*Exercise*: Using the data below, set down every line from the one containing "The home bleacher" through the one containing "What Is The", inclusive and unchanged. Pictures are to be skipped.

*Extracted records*:
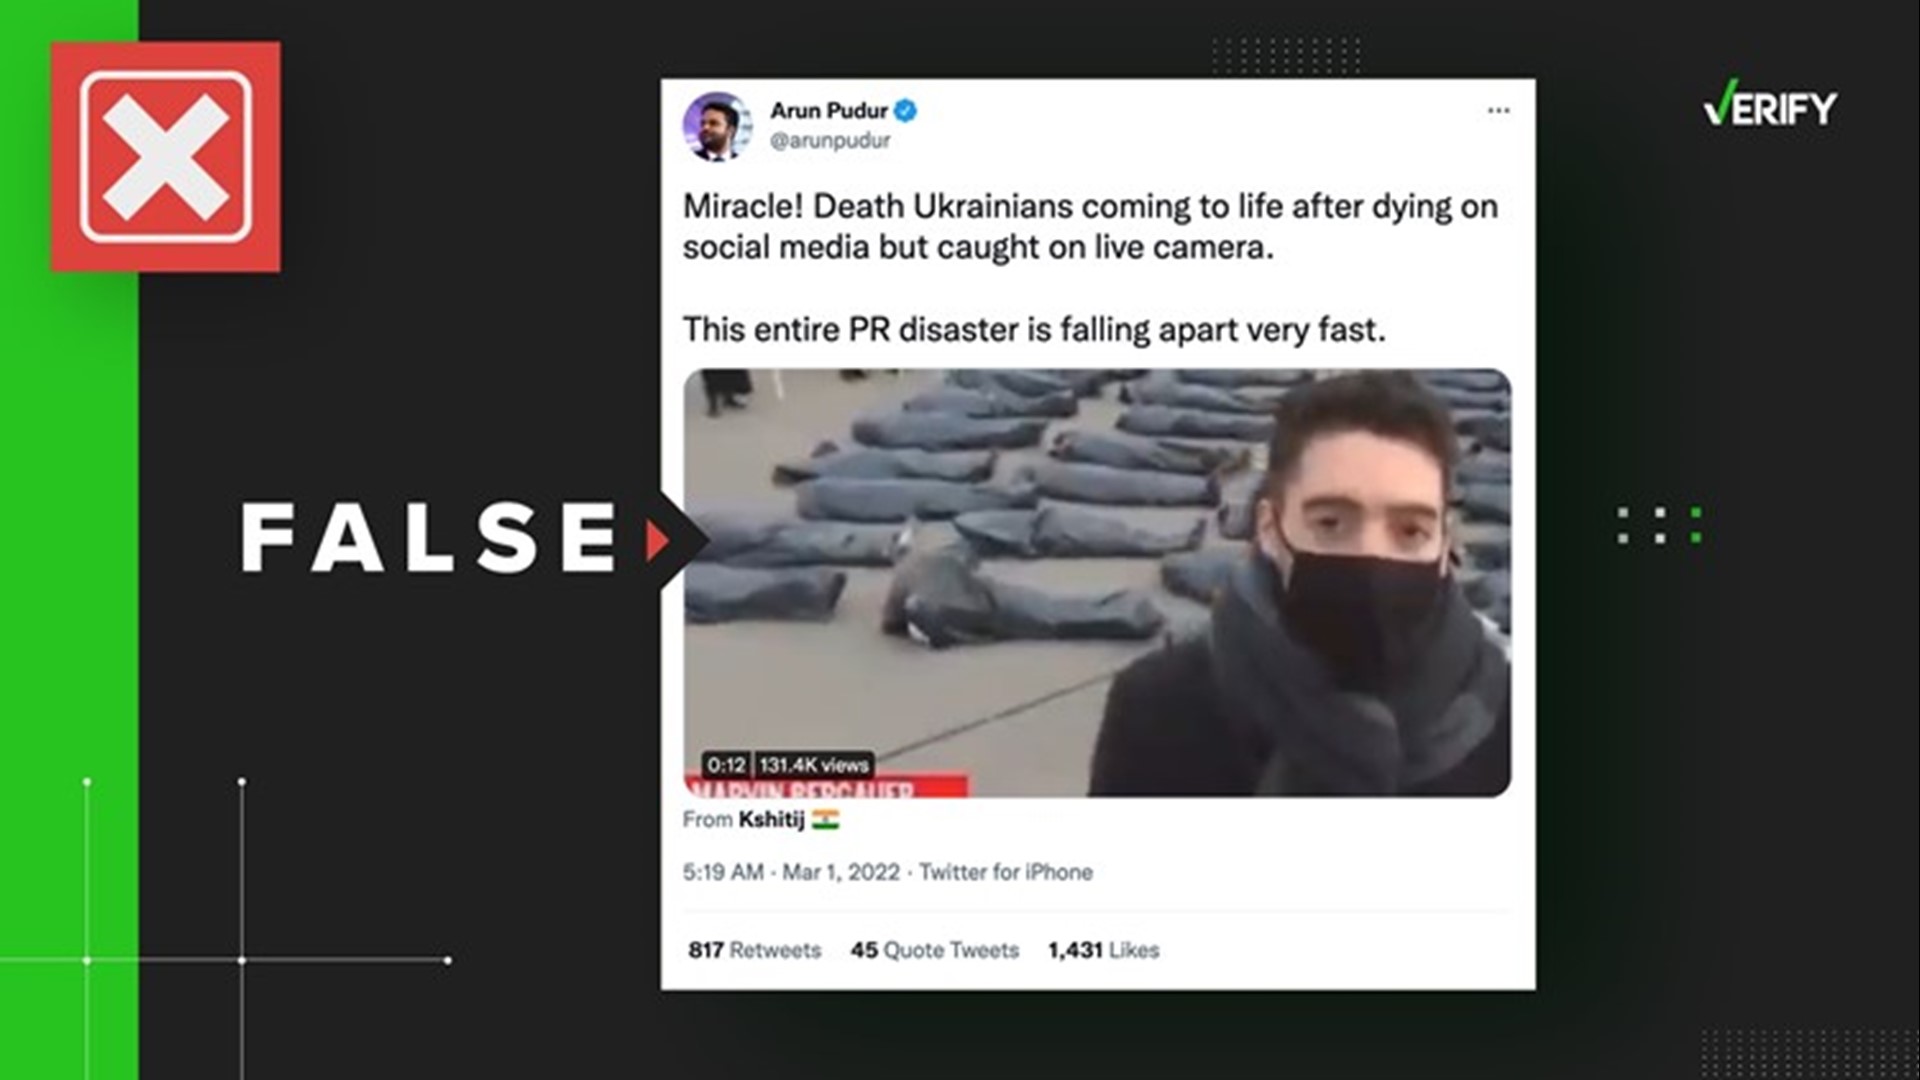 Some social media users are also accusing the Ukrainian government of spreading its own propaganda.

--

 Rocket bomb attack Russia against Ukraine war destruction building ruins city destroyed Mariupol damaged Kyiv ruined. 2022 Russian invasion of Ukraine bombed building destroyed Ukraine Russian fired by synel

---

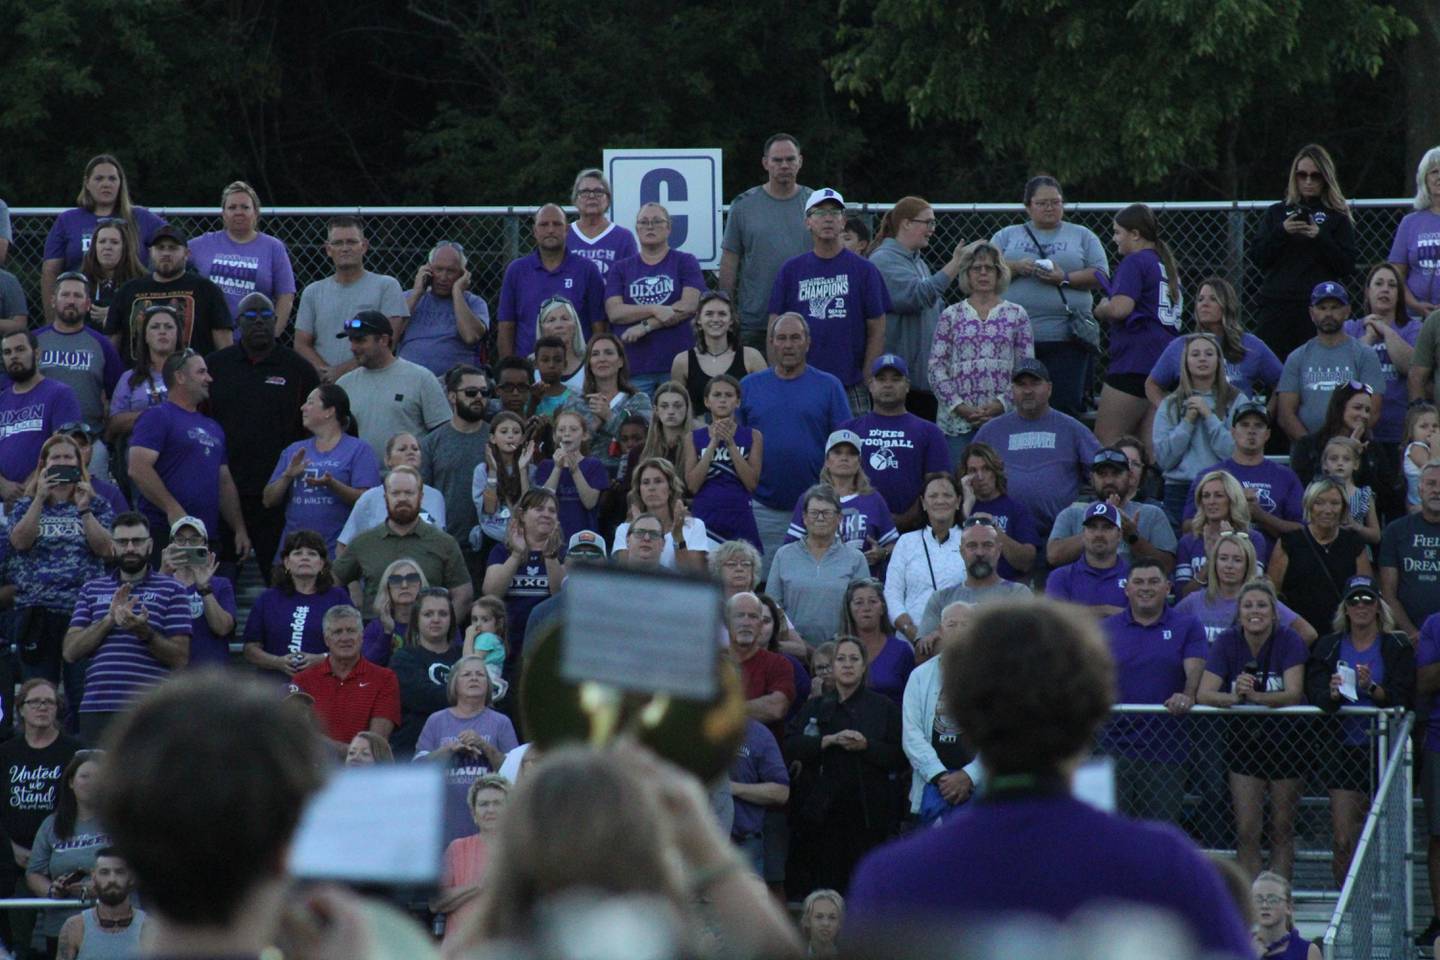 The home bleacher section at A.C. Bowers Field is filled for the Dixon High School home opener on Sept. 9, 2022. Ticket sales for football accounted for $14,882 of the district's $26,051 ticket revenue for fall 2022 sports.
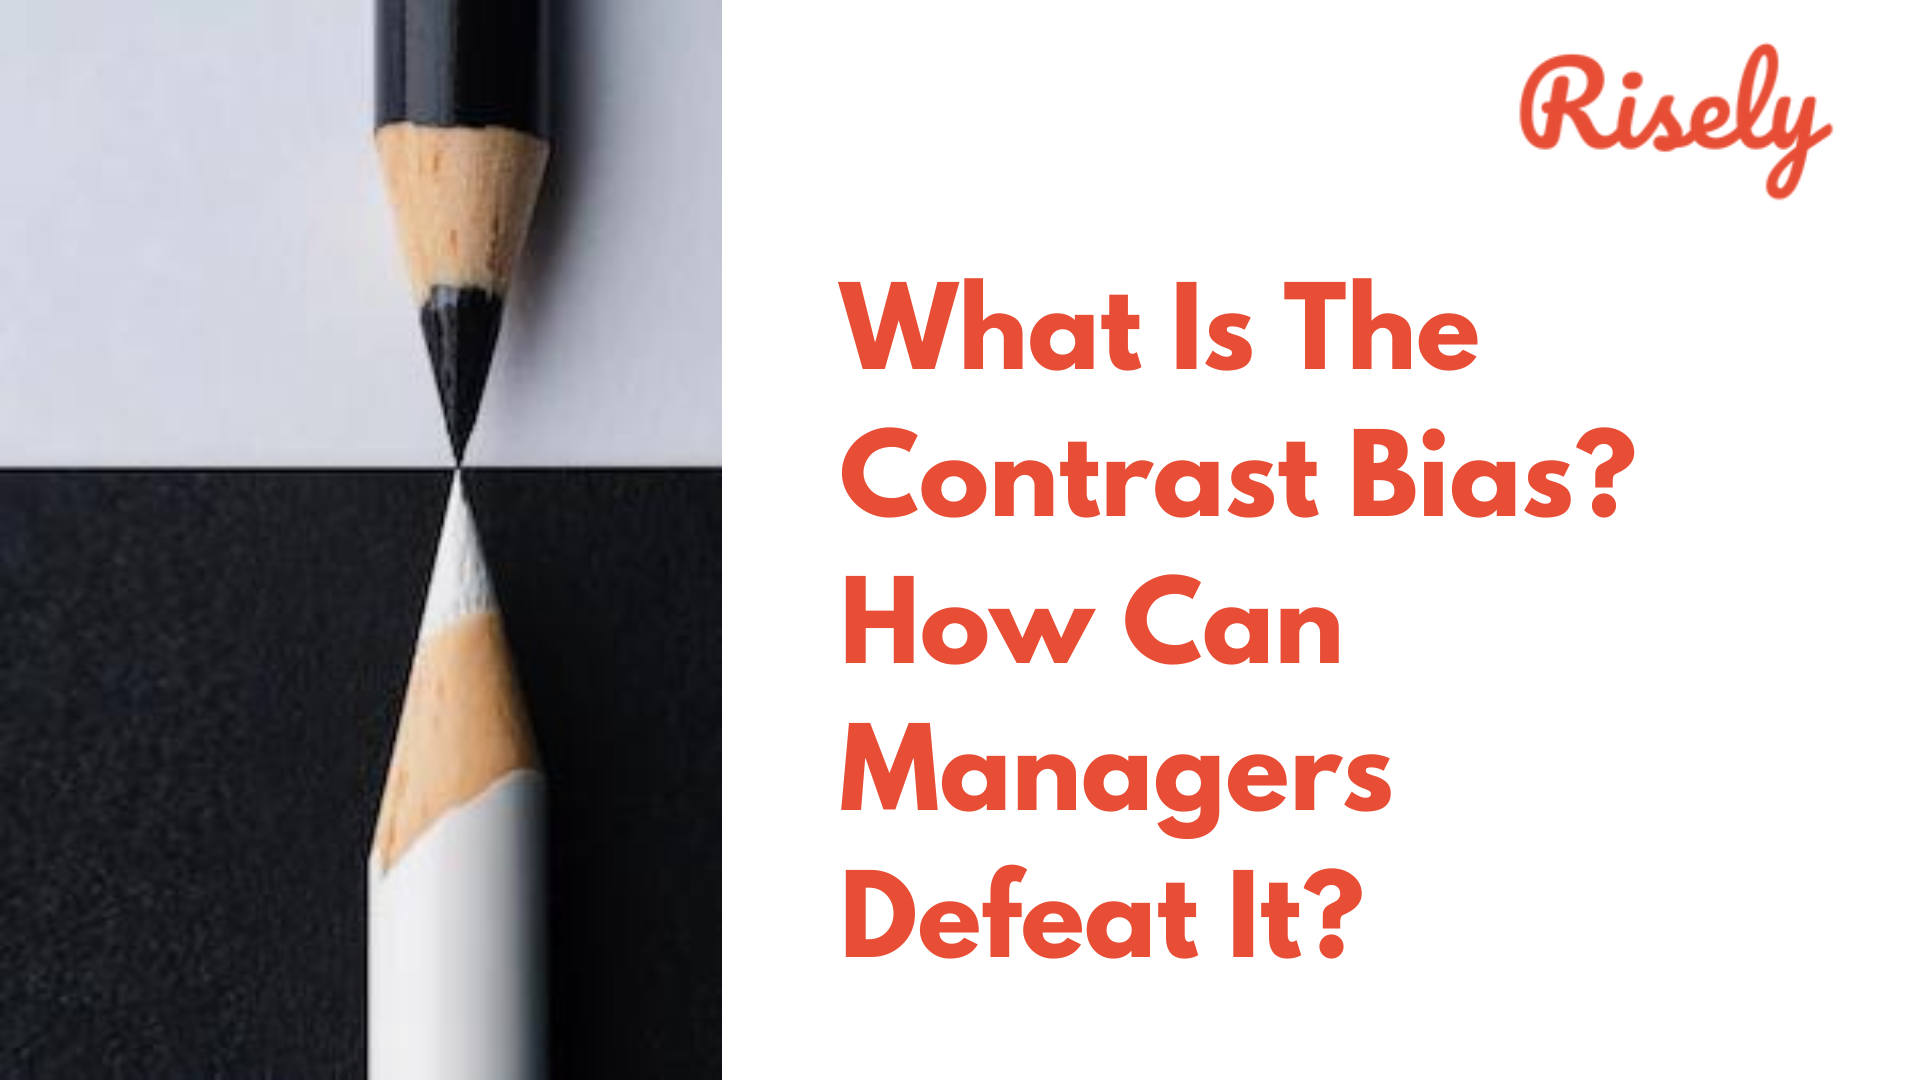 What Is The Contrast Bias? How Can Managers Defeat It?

*Answer to the problem*:
 The home bleacher section at A.C. Bowers Field is filled for the Dixon High School home opener on Sept. 9, 2022. Ticket sales for football accounted for $14,882 of the district's $26,051 ticket revenue for fall 2022 sports.
 What Is The Contrast Bias? How Can Managers Defeat It?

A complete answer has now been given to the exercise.